Simple HTML Sanitization with NekoHTML
November 3, 2009 2:22 PM
Last days I'm working on HTML Sanitization problem. Just to do not forgot - here is a small code-snippet to do simple html sanitization with using nekoHTML library.
Please note - it is not a real solution - it is just idea, as well as some example of nekoHTML Filters usage. Better solution I will post later (and it is not nekoHTML based) - after some testing on my side.
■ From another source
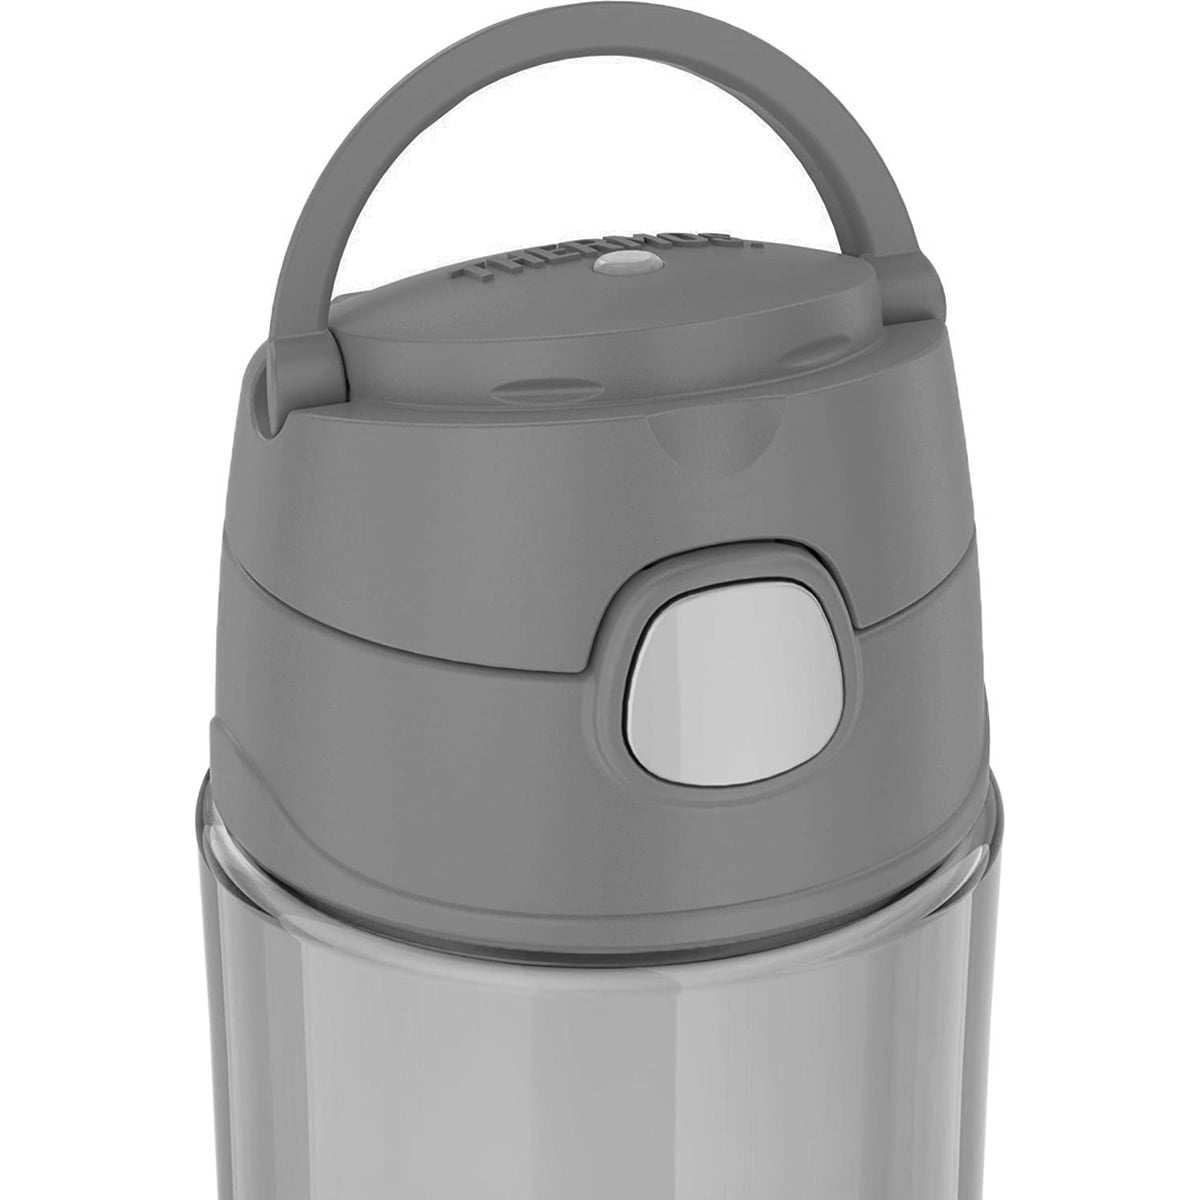 Thermos 16 oz. Kid's Funtainer Plastic Water Bottle w/ Spout Lid - Cool  Gray

This example sanitized "description" variable. safeTags and safeAttributes listed tags and attributes allowed in result, 'safe' html
String[] safeTags = {"font","color","img","b","i","a","p","br","pre","center","table","tr","td","tbody","th","h1","h2","h3","h4","h5","h6"};
String[] safeAttributes = {"href"};
// we need to filter description to remove all script tags
ElementRemover remover = new ElementRemover();
for (String tag : safeTags) {
remover.acceptElement(tag, safeAttributes);
}
remover.removeElement("script");
// writer
StringWriter filteredDescription = new StringWriter();
org.cyberneko.html.filters.Writer writer =
new org.cyberneko.html.filters.Writer(filteredDescription, null);
// setup filter chain
XMLDocumentFilter[] filters = {
remover,
writer,
};
// create HTML parser
XMLParserConfiguration parser = new HTMLConfiguration();
parser.setProperty("http://cyberneko.org/html/properties/filters", filters);
XMLInputSource source = new XMLInputSource(null, null, null, new StringReader(description), null);
try {
parser.parse(source);
description = filteredDescription.toString();
} catch (Exception ex) {
log.warn("Cannot process descriotion", ex);
}